I come from a C++ background and I am currently learning Java. One question arose when I have tried using some third party libraries. How do I determine if the call to a method taking an object reference as parameter modifies the object? In C++ this is clear thanks to the use of the const keyword. If the method signature is:

void foo(Boo& boo);

I know that the referenced object might be modified, while if the method signature is:

void foo(const Boo& boo);

The compiler guarantees that the referenced object is not modified.

I haven't seen something analogous in Java, as only the reference itself can be declared final, not the referenced object, and a final argument doesn't make much sense in the first place since it is passed by value anyway. Therefore, when I see a method such as:

void foo(Boo boo) {...}

How do I determine if the object referenced by boo is modified inside the body of the function (maybe using annotations)? If there is no way to know, is there some widely used convention or some best practices to avoid confusion and bugs?

Mureinik
  • 297,002
  • 52
  • 306
  • 350
ItalianMonkey
  • 331
  • 3
  • 5
  • 4
    Read the docs. (You might consider this a weakness in Java relative to C++, but we don't really miss it, any more than you miss checked exceptions when working in C++.) – user2357112 Aug 23 '15 at 07:51
  • 2
    The best practice is to avoid mutation where possible. This goes for everything, not just for arguments to methods. – usr Aug 23 '15 at 12:41
  • @user2357112 "*any more than you miss checked exceptions when working in C++"* Using exceptions to control program flow is an error, exceptions are (as its name says) for **exceptional circumstances**. Having a language feature which sole purpose is to be able to recover from an error using exceptions as the communication channel is just another case of "exceptions for flow control", a design error as the rule above states. We don't miss checked exceptions. – Manu343726 Aug 23 '15 at 17:05
  • 2
    @user2357112 the truth is that having exceptions as part of a function signature is one of the worst language design errors one could make, these are a pain when scaling/refactoring code (When an exception requirement changes in any point of a call hierarchy, that change should be propagated across all the parent functions). Hopefully C++ fixed that flaw. Java should miss `noexcept`. – Manu343726 Aug 23 '15 at 17:09
  • 1
    @Manu343726: Yes, that's why I said you don't miss them. – user2357112 Aug 23 '15 at 18:50
  • It may sound ironical, but ... one obvious way is to not call a method `foo`, but instead call it `modifyBoo` or `readBoo` ... ;-) Apart from that: I'm sometimes missing something like `const` in Java. But this "sometimes" does not outweigh the considerable efforts that it takes to make sure that a C++ program (that goes beyond a toy example) is actually fully const-correct. – Marco13 Aug 23 '15 at 20:32

7 Answers7

26

how do I determine if the object referenced by boo is modified inside the body of the function (maybe using annotations)?
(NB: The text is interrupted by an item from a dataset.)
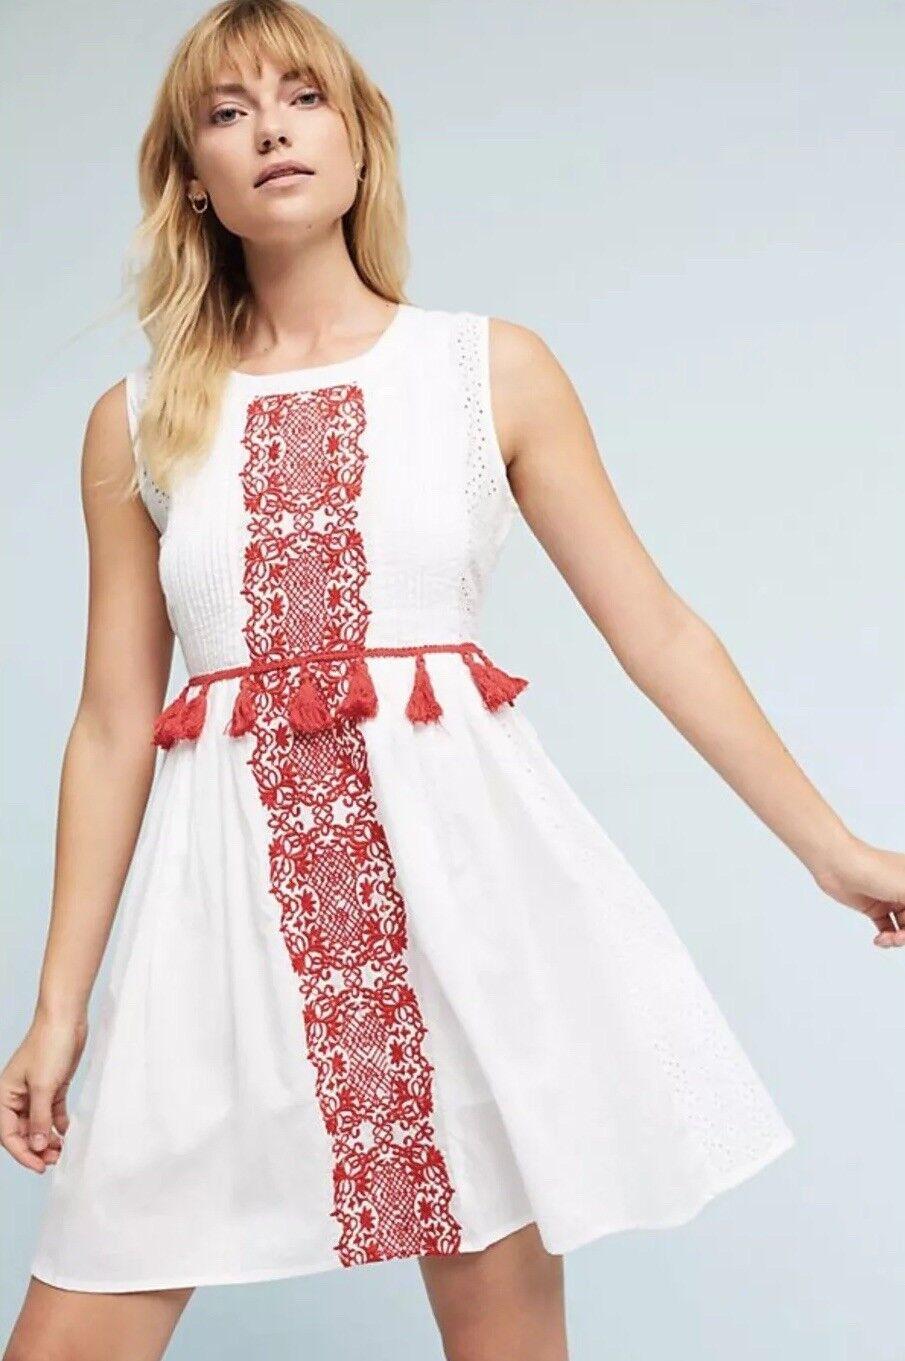 NEW Anthropologie Chantik Margaret Dress Größe Small Tassel rot Embroiderot Pom
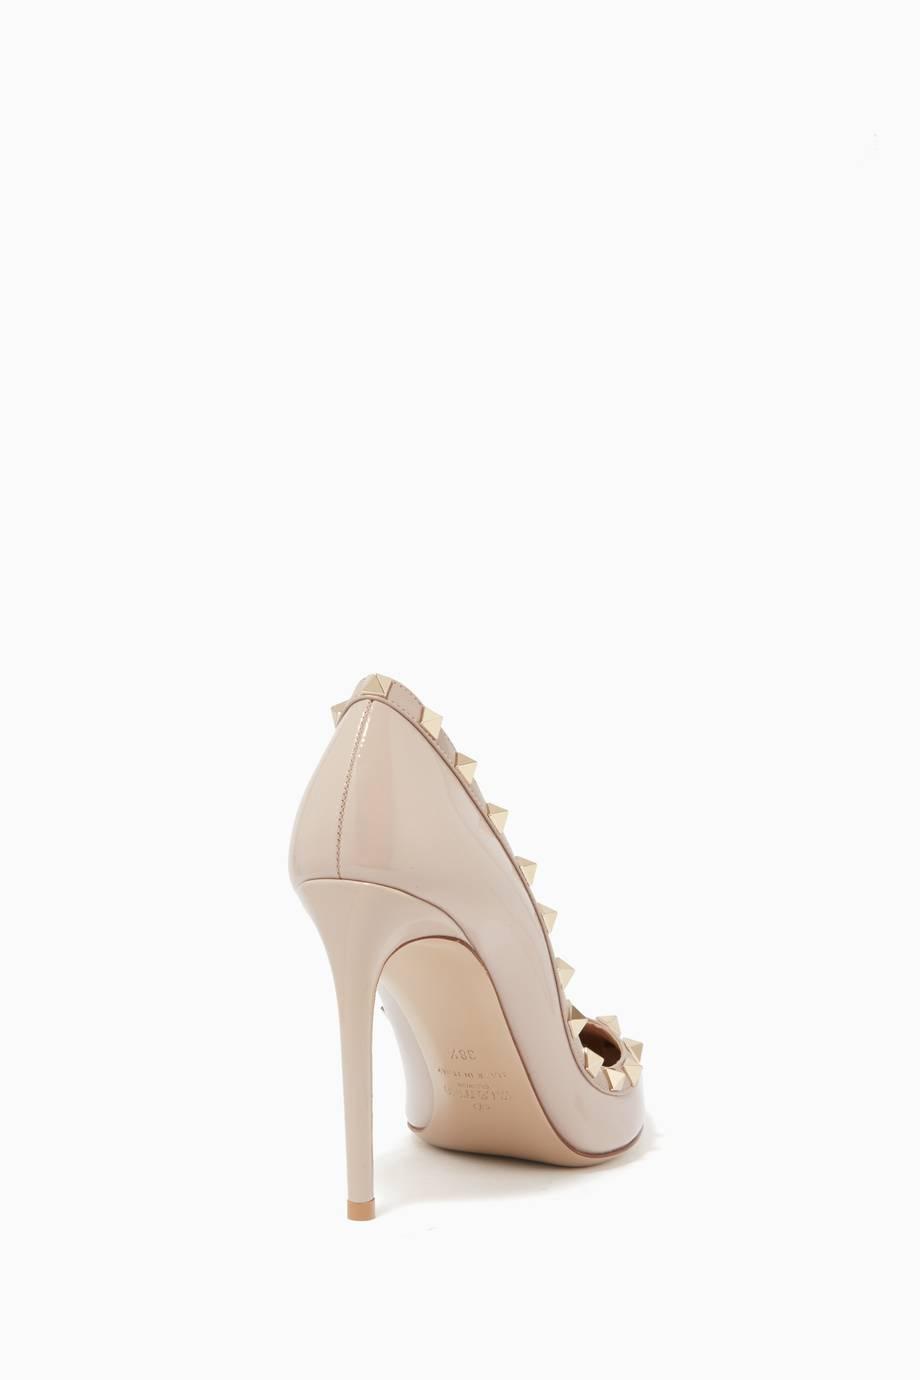 ce8e5fbb9ba61 تسوق حذاء كعب عالي روكستد جلد لامع لونين بودر من فالنتينو

The only way is to read the code unfortunately.

If there is no way to know, is there some widely used convention or some best practices to avoid confusion and bugs?

The common convention is to pass an object which cannot be modified, using a wrapper if needed. This ensure the class cannot modify the object.

List<String> readOnly = Collections.unmodifiableList(list);

If the object is Cloneable, you can also use clone() but another common approach is to use a copy.

List<String> readOnly = new ArrayList<>(list);

If you care about such behaviour, unit tests can show whether a method modifies an object or not. If you have unit tests already, it is usually one or two lines extra to check for this.

Peter Lawrey
  • 525,659
  • 79
  • 751
  • 1,130
  • 1
    As an advice for someone migrating from C++, it would be important to mention that you shouldn't use `clone` in Java, because the [idiom is broken](http://www.artima.com/intv/bloch13.html). – Mick Mnemonic Aug 24 '15 at 00:40
  • @MickMnemonic You should avoid calling clone() if there is a bug in it's implementation. If the object is not already Cloneable, making it Cloneable is tricky to get right esp for complex objects and should be avoided for non-trivial objects. I have seen a number of bugs which would have have been solved had `clone()` been used in the first place so avoiding it and replacing it with some more buggy isn't an answer either. – Peter Lawrey Aug 24 '15 at 07:13
  • 2
    `clone` is only useful in very few cases where a correct implementation already exists. In new code, there is no reason to expose `clone`, not even from trivial classes; just provide a copy constructor instead. – Mick Mnemonic Aug 24 '15 at 08:20
  • 1
    @MickMnemonic in short, don't write your own clone() if you can avoid it. +1 – Peter Lawrey Aug 24 '15 at 08:33
14

There's no such facility built in to the language, unfortunately. A good defensive practice is to define the data objects you pass around as immutable (i.e., without any public method that allows modifying their state). If you are really concerned about this, you could copy/clone an object before passing it to a method you don't trust, but this is usually a redundant precaution.

Mureinik
  • 297,002
  • 52
  • 306
  • 350
8

NOTE: this answer is a more detailed version of

You can also write purity or side-effect annotations in your codemernst

There exists the Checker Framework among the various things it can check at compile-time via annotations is the IJG Immutablity checker. This checker allows you to annotate object references with @Immutable or @ReadOnly.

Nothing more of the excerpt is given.